各研究室の研究をみていると、その成果レベルはまちまちである。国内の大会で1度発表しただけという人もいれば、何度も国際会議で発表しているという人もいる。研究に求められるレベルは、もちろん学生個人の力量にもよるが、研究室の指導教員が最も左右すると思う。
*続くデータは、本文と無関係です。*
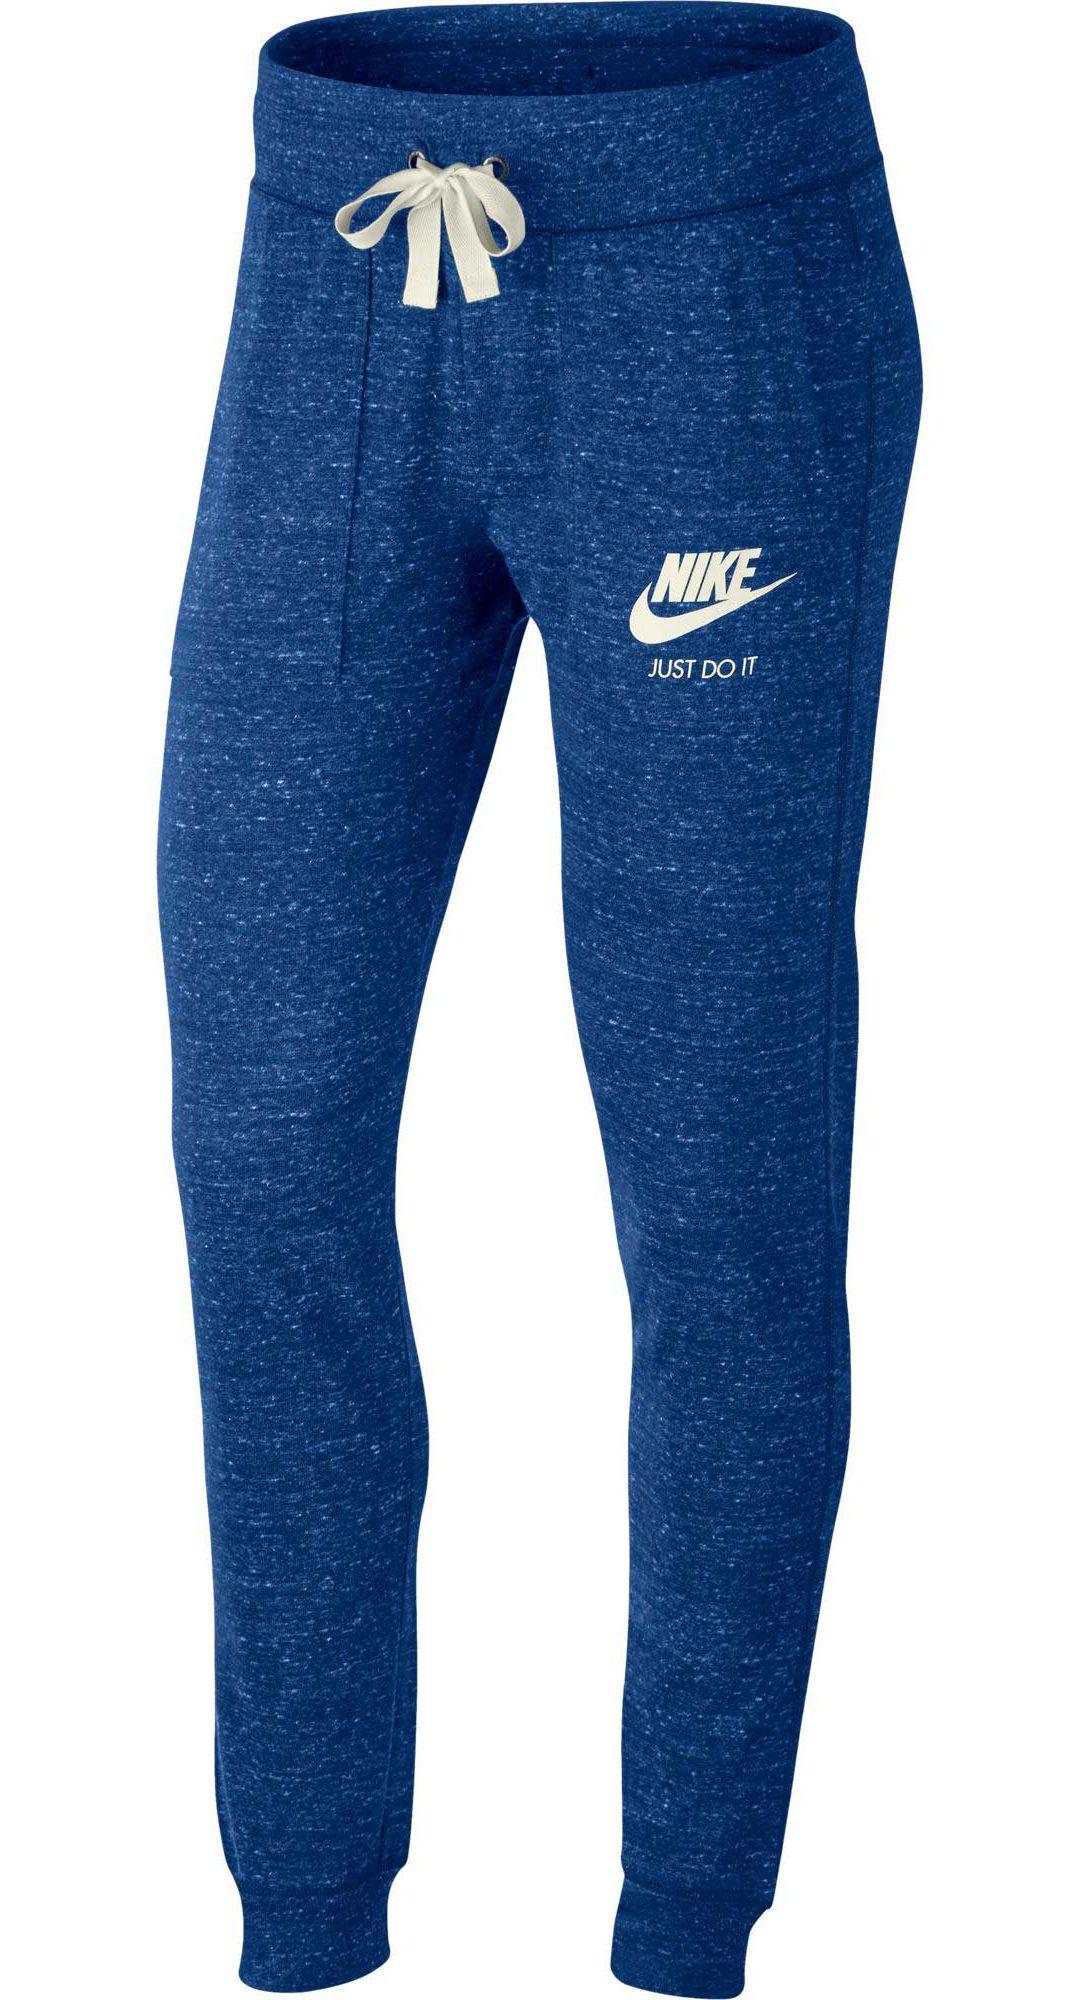 2ffdf71a74982 Nike Women's Sportswear Gym Vintage Pants | DICK'S Sporting Goods

私の指導教員は、修士1年のうちに研究をほぼ終わらせるというスタンスのもとに指導をしていた。実際私は1年目の秋に国際会議に投稿して、冬には国内で何度か発表をした後に研究の進捗は打ち止めとなった。2年目は国際会議の発表があったり、国内論文誌に研究成果をまとめる活動だけで終わった。

大学院での修了

大学院の修了には、上述したように単位取得・修論提出・修論発表の3つが必須となる。修論については、修了判定会議の後に指導教員が結果を教えてくれる (おそらく。少なくとも私はそうだった)。単位取得については、修了要件を見ながら単位を取るしか方法がなく、自分が取得した単位が修了要件を満たせているかは判定不能である。取得単位を確認できる Web システムでも判定確認はできない。一体どうやって実際に修了判定しているんだ…という気持ちになる。修了要件が満たせていない人には教務から別途連絡が来るらしい [要出典] が、時既に遅しなので留年ということになるので、本当に注意深く修了要件を眺める必要がある。

完走した感想

学部2年間はわりとあっという間で、大学院2年間もあっという間だった。高専5年間が長すぎたのだろう…


  1. 他大学からの受験の場合、面接では志望動機や成績を質問されるようだ。内部生の成績はどのようなレベルの授業に対してどれぐらいの成績なのかという対応がとれる一方で、他大学の授業のレベルは分からないからである。